Secondly, credit markets are WIDE open right now. On both the bank and bond side, most deals (except for the hold-co dividend deals which are reappearing) are well oversubscribed and dealers are flexing terms. While the hold co note holders didn't technically NEED to appease the bank debt holders by paying them in cash versus reinstating their low coupon paper, they did it to ensure their plan gets accepted by one of the larger creditors groups in the case. Six Flags did a term loan a month or so ago that was to finance the opco plan- that deal was oversubscribed. That being said it wasn't a stretch to assume you could layer on more senior secured debt (second lien) to get more cash in the door to help pay pre-petition claims. Would I have guessed this the case a year ago? Frankly, no.
Finally, and something that very few people are talking about right now, but from what I have heard, hedge funds are no longer in "deal with redemptions" mode. As returns continued to be impressive throughout 2009, more redemption requests were withdrawn, and funds that were sitting with idle cash on the side, ready to meet redemptions, needed to put that money to work to at least keep up with this rocketship of a market. That being said, funds are more able and willing to backstop rights offerings or provide fresh capital to reorganized debtors without having to deal with their LPs on their backs. A year ago, no one fund, or even groups of funds, would be able to step up to the plate and execute a $600 or $700M rights offering.
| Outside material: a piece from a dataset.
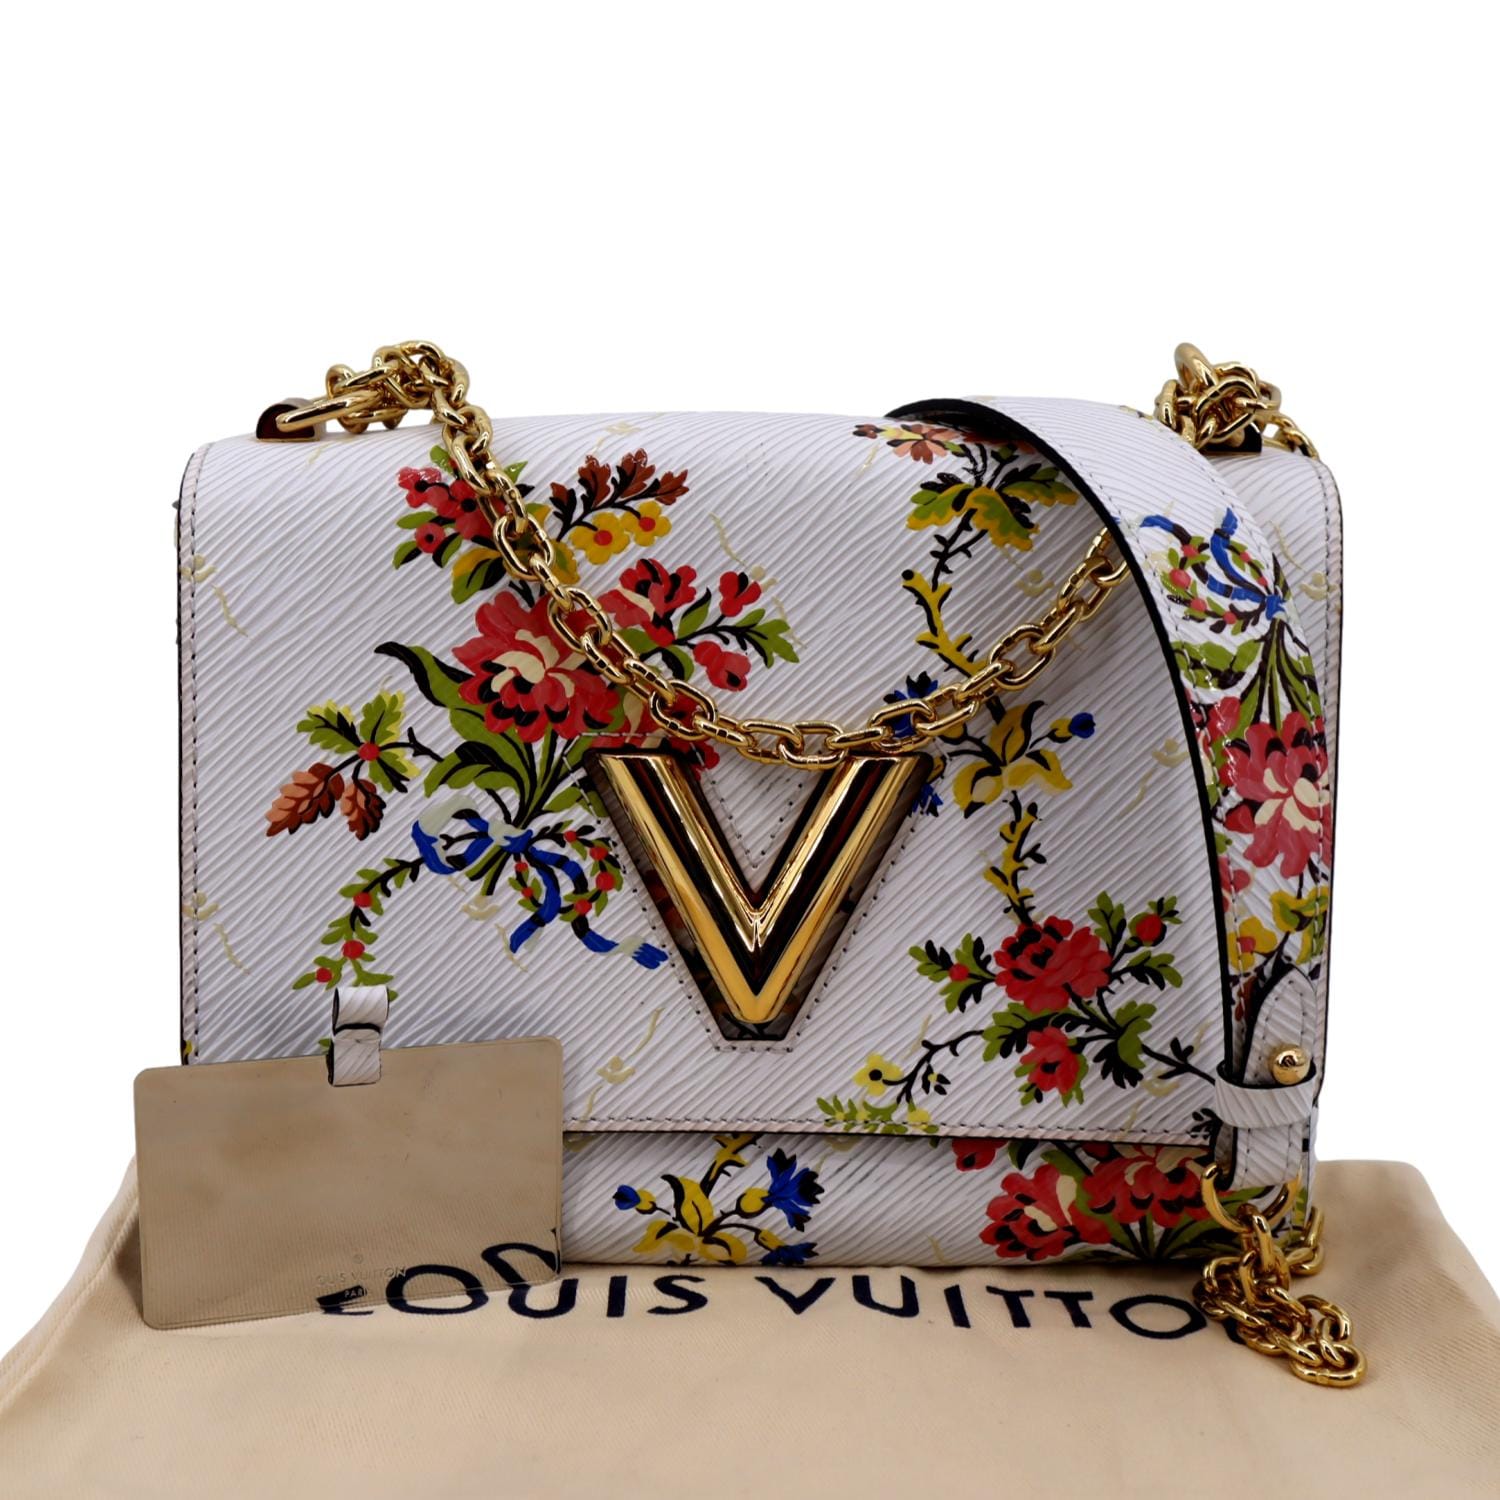 Louis Vuitton Leather Twist MM Messenger Bag Multicolor

In my opinion, higher valuation, easier access to exit/debt capital, and more parties willing to fight over providing fresh capital to debtors via right-offerings has been the real driver of returns in distressed land over the past 12-18 months. Yes, some companies have seen dramatic improvements in operating performance, but to me the real driver to this rally (which has disproportionately helped junior creditors and equity holders) has been the multiple expansion (valuation in the bankruptcy court still relies on comp analysis) and the capital markets being awash with liquidity.
3 comments:
Hunter (and readers), looking at this specific case and given that the valuation multiple was the key reason why you missed the more attractive OpCo investment, why do you feel (or at least back then) it's appropriate to value a company using comparable multiples at that point in time rather than over a period of time (i.e. spread 5-10years thru an economic/credit cycle) and a combo of public trading levels and M&A transactions?
Taking the Six-Flags example, you took an arguably depressed current multiple and then cut it further in your analysis. I understand the desire to be conservative, particularly in uncertain times like early ‘09, but isn’t that overly so? And to your point, granted the absolute IRR on the bank debt was great, but not so much relatively speaking, which is because everything was so cheap (i.e. multiples at that time were trough levels on trough EBITDA).
I see this done all the time, and I’m not sure I agree with it. Admittedly, you have to use some personal judgment since history is not always the best guide (i.e. during irrational tops, but also bottoms like in Fall ’08 thru Spring ’09) and structural changes in the business can change valuation up/down over time.
I guess the only time I could argue for using current multiples is if you see a potential bankruptcy/restructuring in the near-horizon and believe the determinant of recovery values will be pitched on prevailing multiples at the time?
why the equity is going through the roof? there is nothing for them?
Would be interesting to use Six Flags as a case study to explain how rights offerings work. I.e. what would an investor buying junior bonds at 35c make if they exercised their rights and the enterprise value goes to $2.2 billion (for ex). Thanks!